# spring and summer dessert menu ideas? what's new?



## m brown (May 29, 1999)

Hey, I have been living under a rock for a few months, but the sun is shining and it's time to put together the menus for the later spring and summer. What is going on out there? Any groovy new items adorning your sweets menus? What has worked in the past?
I love to ask this question each season to see what is going on in the industry. It gets lonely in the bake shop on your own  
New items for us are, Coconut Ginger Flan with caramel popcorn: Pecan tart with rum in phyllo, rhum caramel sauce served with banana gelato: Burbon Vanilla cheese cakes with honey pineapple compote and lyechee, exotic and raspberry sauces round out the newbies. 
Looks like I will be flying solo this summer with my own shop. YIKES!!!!!


----------



## w.debord (Mar 6, 2001)

I have to ask...what's a pecan tart in phyllo consist of? Do you mean a pecan purse?


----------



## m brown (May 29, 1999)

pam spray a muffin tin or 4 oz single serving tin, 6 layered buttered sheets, cut 1/6 of a sheet of phyllo stuff into the tin. place pecans and the pie syrup into the "cup" and bake. Pops out, serve warm dusted with cocoa or 10x sugar.


----------



## momoreg (Mar 4, 2000)

That sounds lovely...  

So does your solo gig! Please tell what sort of operation you are planning. It must be a ton of work (but worth it, right?).
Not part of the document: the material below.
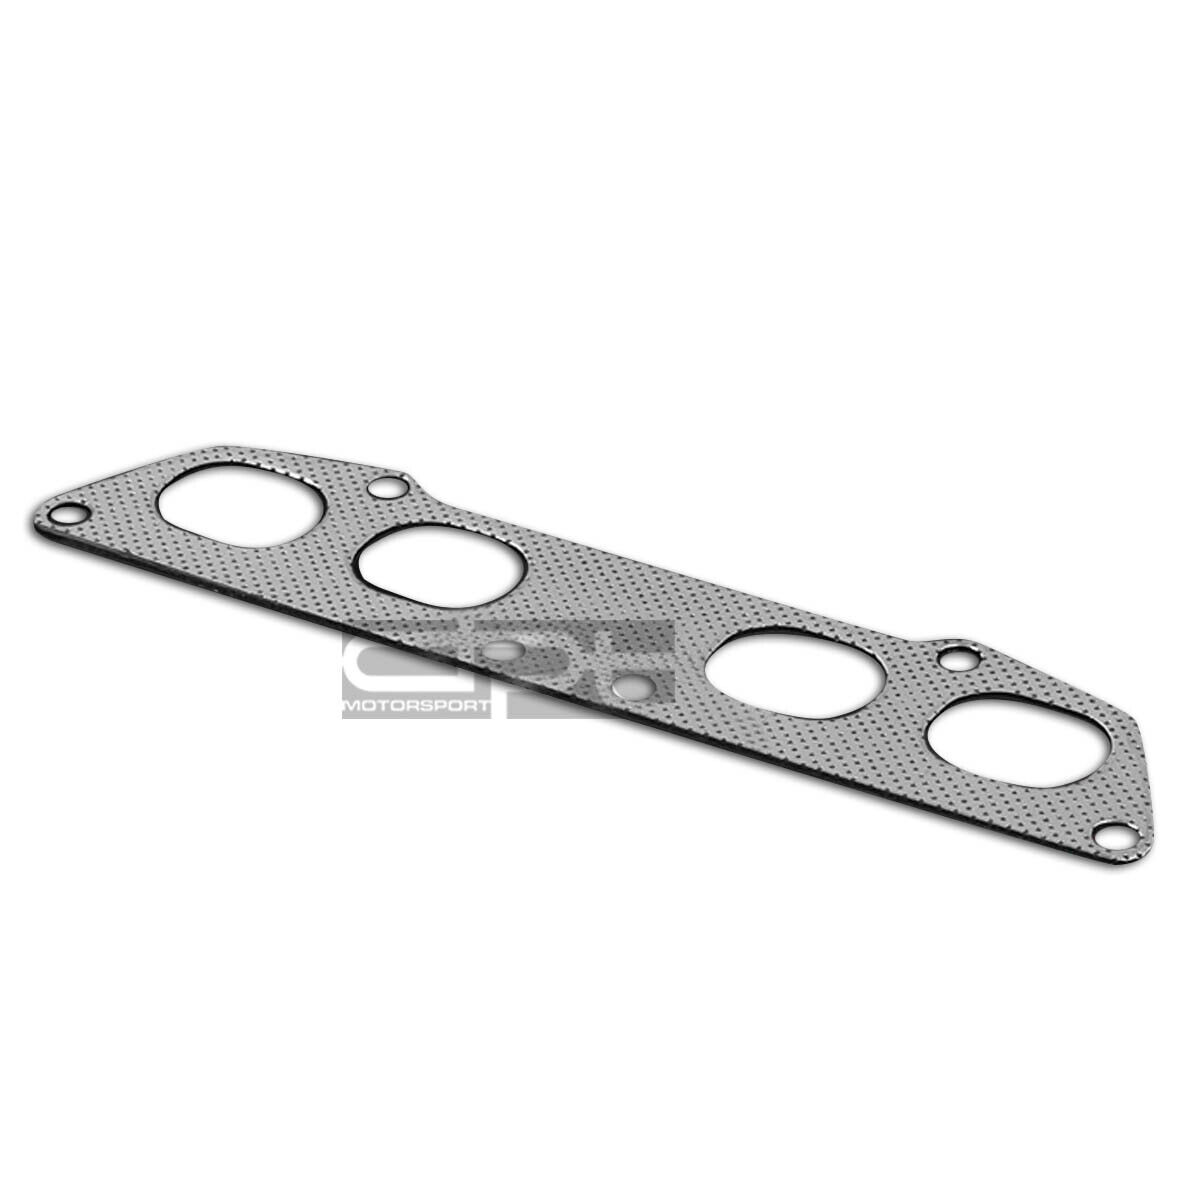 FOR 91-95 TOYOTA MR2 NON-TURBO ENGINE/EXHAUST MANIFOLD/HEADER ALUMINUM GASKET

The newest thing on my menu is a raspberry and citrus martini. I pipe pretty lines of ganache up the sides of a martini glass, and fill with layers of mousses and fruit curds. It's very refreshing. I serve it with a tuile in the shape of a bow, with long ribbons. Easy for huge parties, and nice presentation.


----------



## cape chef (Jul 31, 2000)

Momoreg,

That martini sounds great! So does M Browns Pecon tart in pyllo. M Brown, I'm really happy for you. I hope that your new venture will be very succesful.Let us know when your up and running,I'm an hour away and would love to check it out.
cc


----------



## svadhisthana (May 6, 2001)

M brown,
Good luck, I'm sure you'll do great because it's something you love.

[ June 03, 2001: Message edited by: Svadhisthana ]

[ June 03, 2001: Message edited by: Svadhisthana ]


----------



## momoreg (Mar 4, 2000)

Gee thanks, Svadhisthana. I'm doing okay so far...


----------



## mofo1 (Oct 15, 2000)

Can the world get any better than a perfect strawberry dipped in ganache? (white or dark...who cares.)


----------



## shroomgirl (Aug 11, 2000)

Congrats. Are you selling wholesale and retail? 

Martini sounds pretty MOMO
hmmmm....nothing really exciting dessert wise, here. Rhubarb is in season.


----------



## pooh (Mar 13, 2001)

Shroom,

Do you feel like starting a new topic, something like *What to do with rhubarb*


----------